Лицом к лицу (Лебеденко) - страница 110

Оставшиеся без места стояли в проходах. Они усаживались на ступеньки, барьеры, на пол, забивались во все щели круглого здания — всюду, откуда только можно было что-нибудь увидеть или хотя бы услышать.

Однако в первом ряду нашелся смельчак, который оставил свое место, буркнув соседу: «Скажи, занято», — и, работая локтями и всем корпусом, устремился к проходу. У самого барьера он круто взял в сторону и оказался лицом к лицу с невысоким, складным человеком, терпеливо прислонившимся к стене.

— Григорий Борисыч! Ваше благородие! — крикнул он и хлопнул человека по рукаву ладонью.

Человек только теперь очнулся. Он тоже смотрел удивленно и радостно.

— Черных! Откуда? Ты смотри, меня еще выведут…

Он озирался по сторонам на рабочих, удивленных подозрительным словом «благородие».

— Пойдем, пойдем! — потянул его за рукав Алексей. — Мы на двух стульях сядем втроем. Вам много места не надо.

Пробившись к себе, он бесцеремонно снял с места паренька, занявшего его стул, предложил соседу подвинуться и втиснул суховатую фигуру Григория Борисовича между ним и собою.

— Совсем здесь? — спросил он, не переставая сиять обрадованной улыбкой.

— Совсем.

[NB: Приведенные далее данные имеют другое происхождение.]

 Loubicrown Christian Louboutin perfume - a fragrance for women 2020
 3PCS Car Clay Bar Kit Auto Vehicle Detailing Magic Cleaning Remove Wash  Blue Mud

А вы тоже?

— Прямо с фронта сюда… День и ночь на колесах. В Совете работаю. Партийный комитет…

— Это хорошо. Учитесь только. Голова у вас на месте.

— Все ваше, Григорий Борисыч, пригодилось. Теперь дальше…

— Ну, не все, наверное, — грустно улыбнулся Григорий Борисович. — Я сам сейчас едва успеваю…

— Так это теперь все, — обрадовался Алексей. — А все-таки о многом от вас впервые услышал.

— Ну, в семнадцатом году вы от меня на версту вперед ушли. Я к вашим позициям только сейчас приближаюсь.

— Я знаю — с нами будете, — запальчиво перебил Алексей.

На высокой трибуне, где обычно гремел оркестр, появились люди. Председательствующий поднял колокольчик. Последние схватки за места потрясали зал. Любители кричать «тише!», как всегда, шумели больше всех.

Алексей смотрел то на трибуну, то на соседа. Он не видел прапорщика Борисова, любимца батареи, около года. Обрадовался ему, как провинциальный врач, внезапно встретивший своего университетского профессора.

Докладчик басом ронял слова и владел аудиторией, как привычный оратор. Он похаживал вправо и влево, когда нужно было рассказывать о событиях, и останавливался на свету, когда нужно было взорвать речь и зал ярким выводом.

Цирк готов был рассыпаться под ударами голосов, от стука ладоней и шарканья сапог.

Говорилось о позорном мире, но говорилось так, как будто этот мир был только угрозой. Как будто все знали, что есть такие силы, которые могут унести, как пылинку, в прошлое и подписанный делегатами документ, и генерала Гофмана, и посла Мирбаха, и германские полки, стоявшие у рубежей республики.